Bei der neuen Wahlstrategie ging es, laut Experten, um die Frage, wie Kılıçdaroğlu jene drei Millionen Wähler auf seine Seite ziehen kann, die im ersten Wahlgang für den rechtsextremen Kandidaten Sinan Oğan gestimmt haben.
Der CHP-Vorsitzende schlug auch gegen Erdoğan zurück, der Kılıçdaroğlu der Zusammenarbeit mit "Terroristen" bezichtigt hatte, nachdem der CHP-Chef die Unterstützung der prokurdischen Partei HDP bei den Wahlen erhalten hatte. "Waren Sie nicht derjenige, der mit terroristischen Organisationen an einem Tisch saß und hinter verschlossenen Türen geheime Abmachungen mit terroristischen Organisationen getroffen hat?
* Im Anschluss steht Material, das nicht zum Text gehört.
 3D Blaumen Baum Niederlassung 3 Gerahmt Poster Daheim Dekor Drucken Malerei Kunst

Ich erkläre allen meinen Mitbürgern, dass ich mich nie mit terroristischen Organisationen an einen Tisch gesetzt habe und es auch nie tun werde. Punkt", betonte er.
Er bezog sich dabei auf die Friedensbemühungen zwischen Erdoğans Regierung und der Arbeiterpartei Kurdistans (PKK), die 2015 gescheitert waren. Die PKK, die seit 1984 einen Aufstand im Südosten der Türkei führt, wird von der Türkei, den USA und der Europäischen Union als terroristische Organisation eingestuft.
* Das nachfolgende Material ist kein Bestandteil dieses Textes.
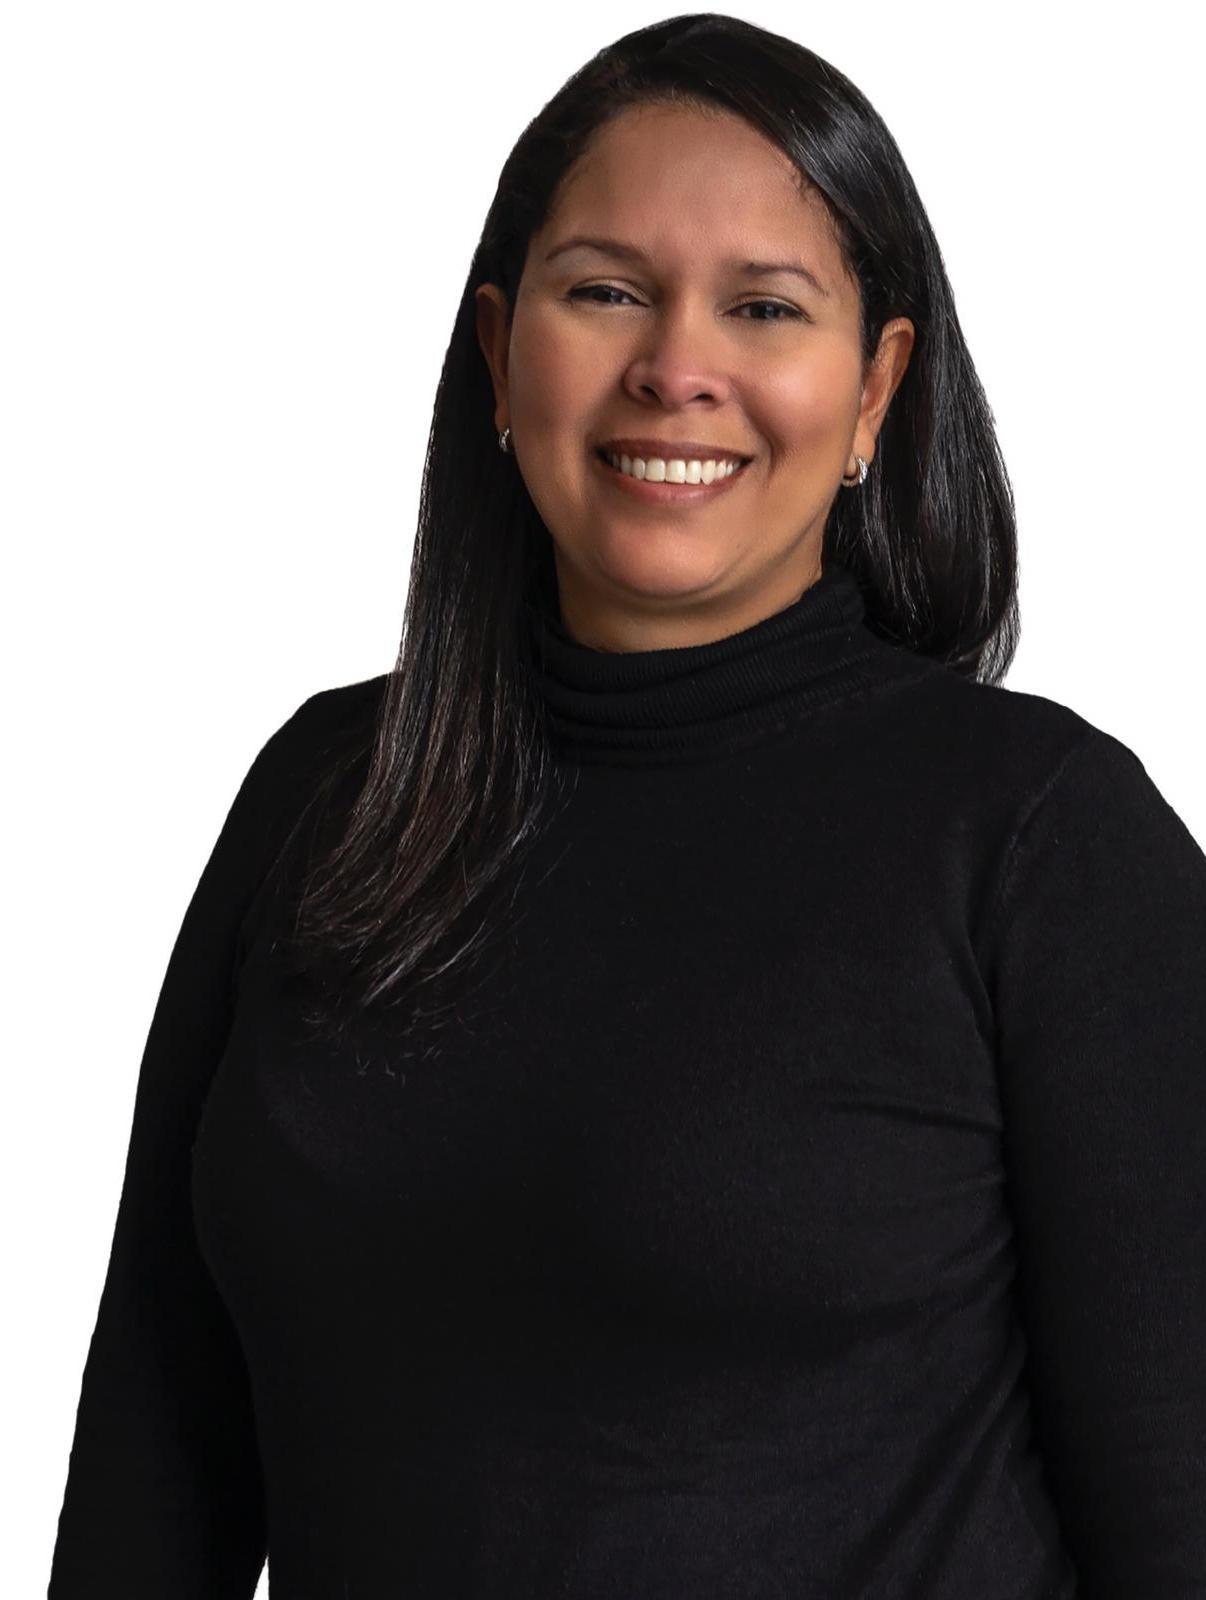 Janeth Salmeron Pacheco

In der ersten Runde der türkischen Präsidentschaftswahlen erreichte keiner der Bewerber eine absolute Mehrheit. In zwei Wochen treten Erdoğan und Kılıçdaroğlu erneut gegeneinander an. Der Amtsinhaber erhielt demnach 49,51 Prozent und verfehlte die absolute Mehrheit damit nur knapp. Oppositionsführer Kılıçdaroğlu erhielt der Wahlbehörde zufolge 44,88 Prozent.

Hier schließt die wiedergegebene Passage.